Fazla çalışma yönünden diğer bir yasal sınırlama da, İş Kanununun 41’inci maddesindeki, fazla çalışma süresinin toplamının bir yılda ikiyüzyetmiş saatten fazla olamayacağı şeklindeki hükümdür. Ancak bu sınırlamaya rağmen işçinin daha fazla çalıştırılması halinde, bu çalışmaların karşılığı olan fazla mesai ücretinin de ödenmesi gerektiği açıktır. Yasadaki sınırlama esasen işçiyi korumaya yöneliktir (Yargıtay 9 HD. 18.11.2008 gün 2007/32717 E, 2008/31210 K.). Fazla çalışmanın belirlenmesinde, 4857 sayılı Yasa'nın 68. maddesi uyarınca ara dinlenme sürelerinin de dikkate alınması gerekir. Fazla çalışmaların uzun bir süre için hesaplanması ve miktarın yüksek çıkması halinde Yargıtay’ca son yıllarda taktiri indirim yapılması gerektiği
istikrarlı uygulama halini almıştır (Yargıtay 9 HD. 11.2.2010 gün 2008/17722 E, 2010/3192 K; Yargıtay, 9 HD. 18.7.2008 gün 2007/25857 E, 2008/20636 K.). Ancak fazla çalışmanın tanık anlatımları yerine yazılı belgelere ve işveren kayıtlarına dayanması durumunda böyle bir indirime gidilmemektedir. Yapılacak indirim, işçinin çalışma şekline ve işin düzenlenmesine ve hesaplanan fazla çalışma miktarına göre taktir edilmelidir. Hakkın özünü ortada kaldıracak oranda bir indirime gidilmemelidir (Yargıtay 9 HD. 21.03.2012 gün, 2009/48913, E, 2012/9400 K.). Somut uyuşmazlıkta, yerel Mahkemenin fazla çalışma ücreti alacağında takdiri indirim yapmama nedeni, hesaplamanın işyeri kayıtlarına dayanmasıdır. İşyeri kayıtlarına göre çalışma ise, bilirkişi raporunda olduğu gibi matbu şekilde 08.00 - 19.00 arası değildir.
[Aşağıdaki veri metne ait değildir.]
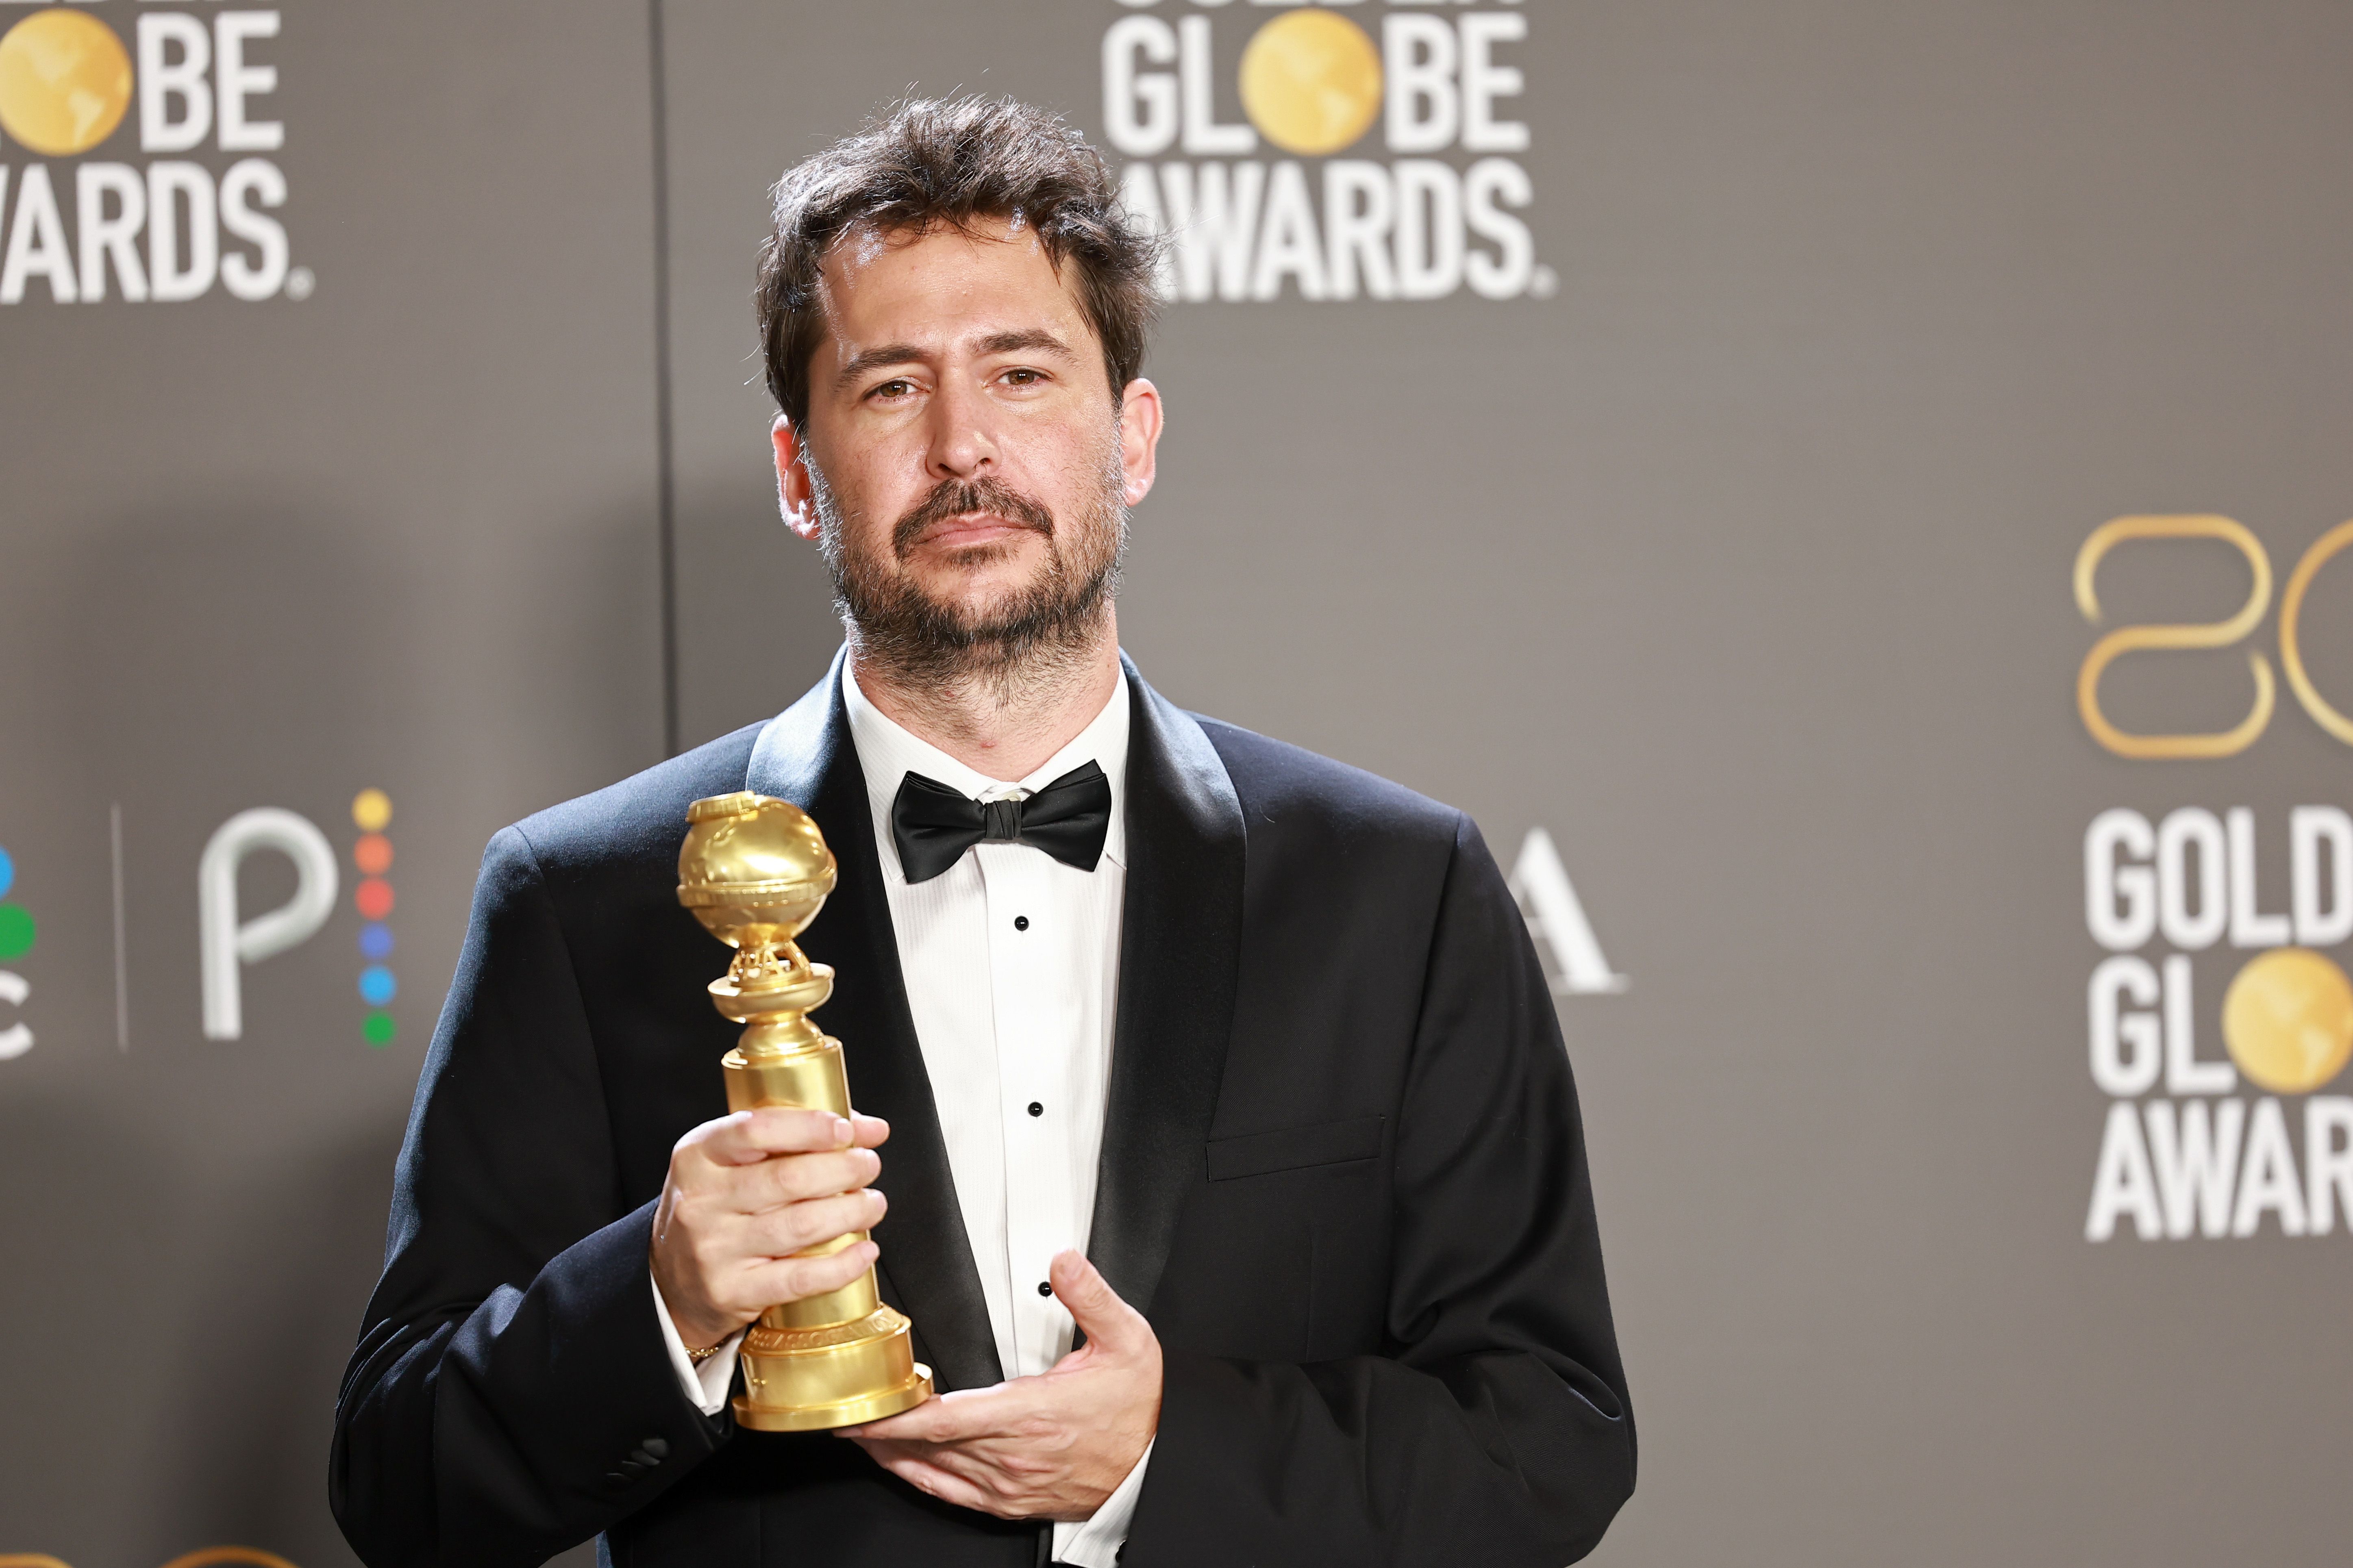 An Oscar next? Argentina won a Golden Globe and World Cup in same year — and it's not the 1st time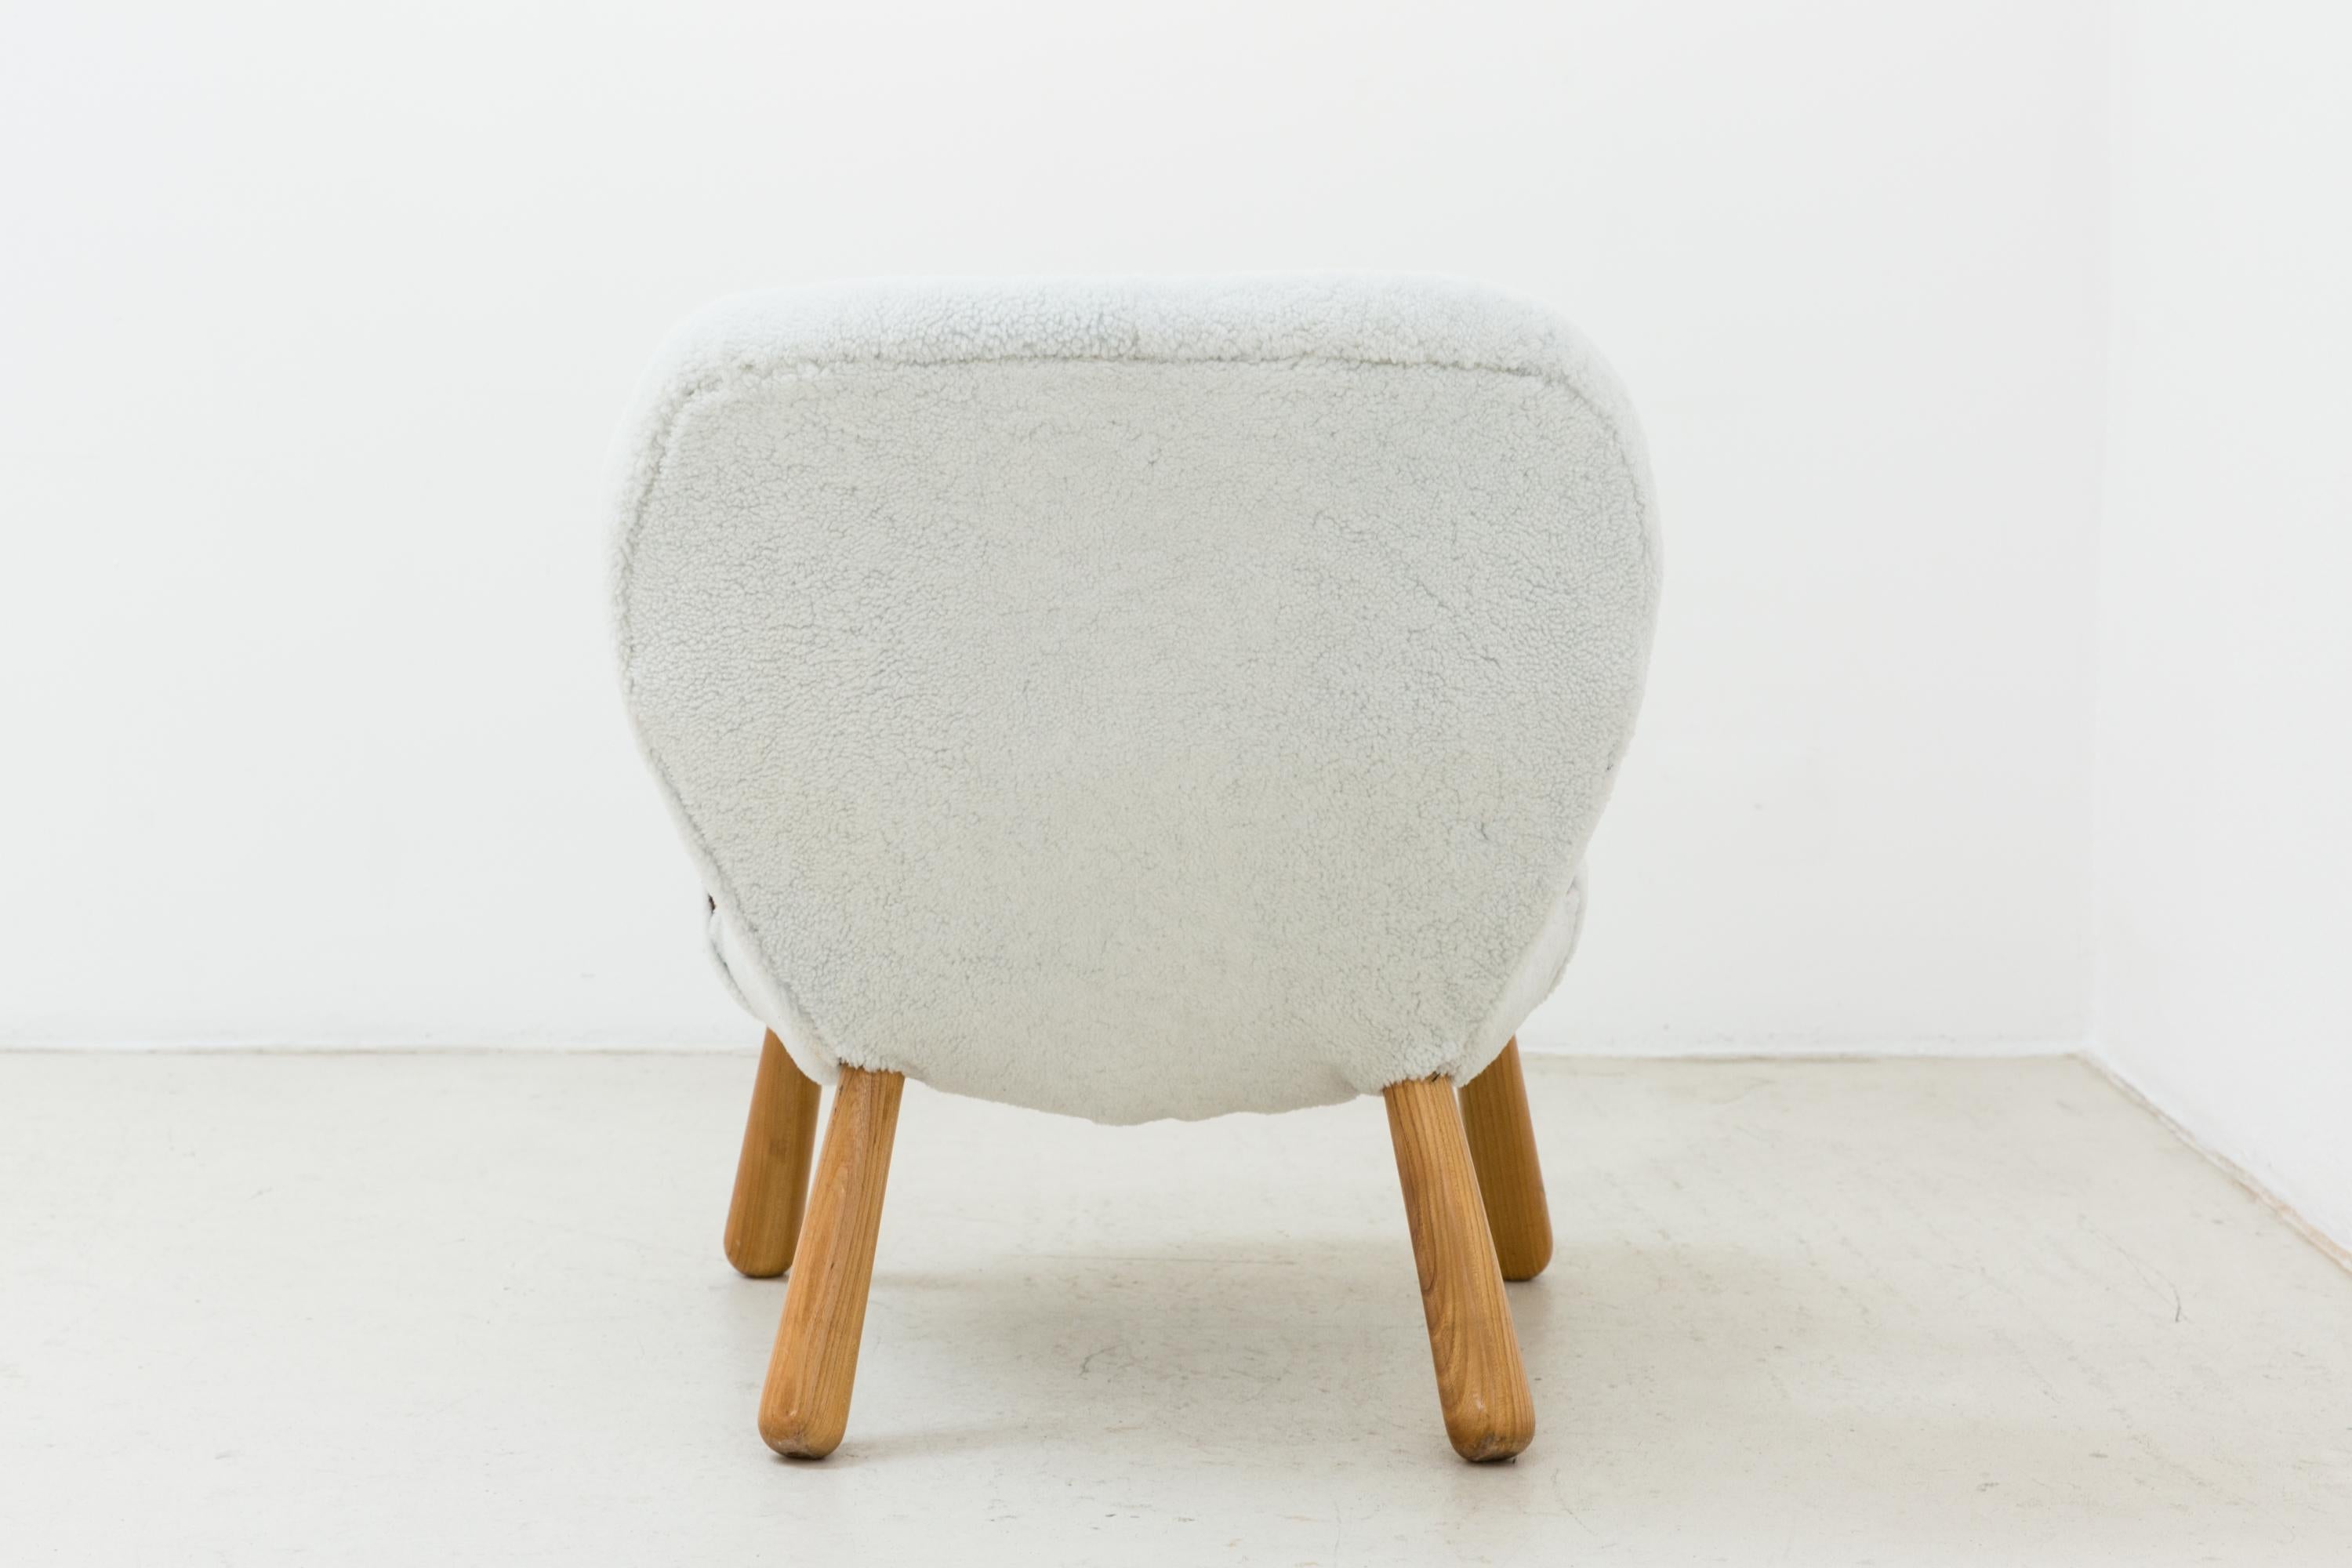 Lambskin Clam Chair, 1940s by Philip Arctander

Bilirkişi raporunda, tanık beyanları ve puantaj kayıtları birlikte değerlendirilerek hesaplama yapılmış ise de, söz konusu işyeri (Puantaj) kayıtları karşısında bu karma hesaplama biçimi doğru değildir. Sadece puantaj kayıtlarına göre fazla mesai hesabı yapılması gerekirken, karma hsaplama yapılması hatalıdır.
3- Bordrolarda değişik miktarlarda ödeme görünen fazla mesai ücreti
tutarlarının hesaplamalardan düşülmümesi de hatalı olup, bozmayı gerektirmiştir
F) Sonuç:
Temyiz olunan kararın, yukarıda yazılı sebeplerden dolayı BOZULMASINA, peşin alınan temyiz harcının istek halinde ilgiliye iadesine,
18.04.2016 tarihinde oybirliğiyle karar verildi.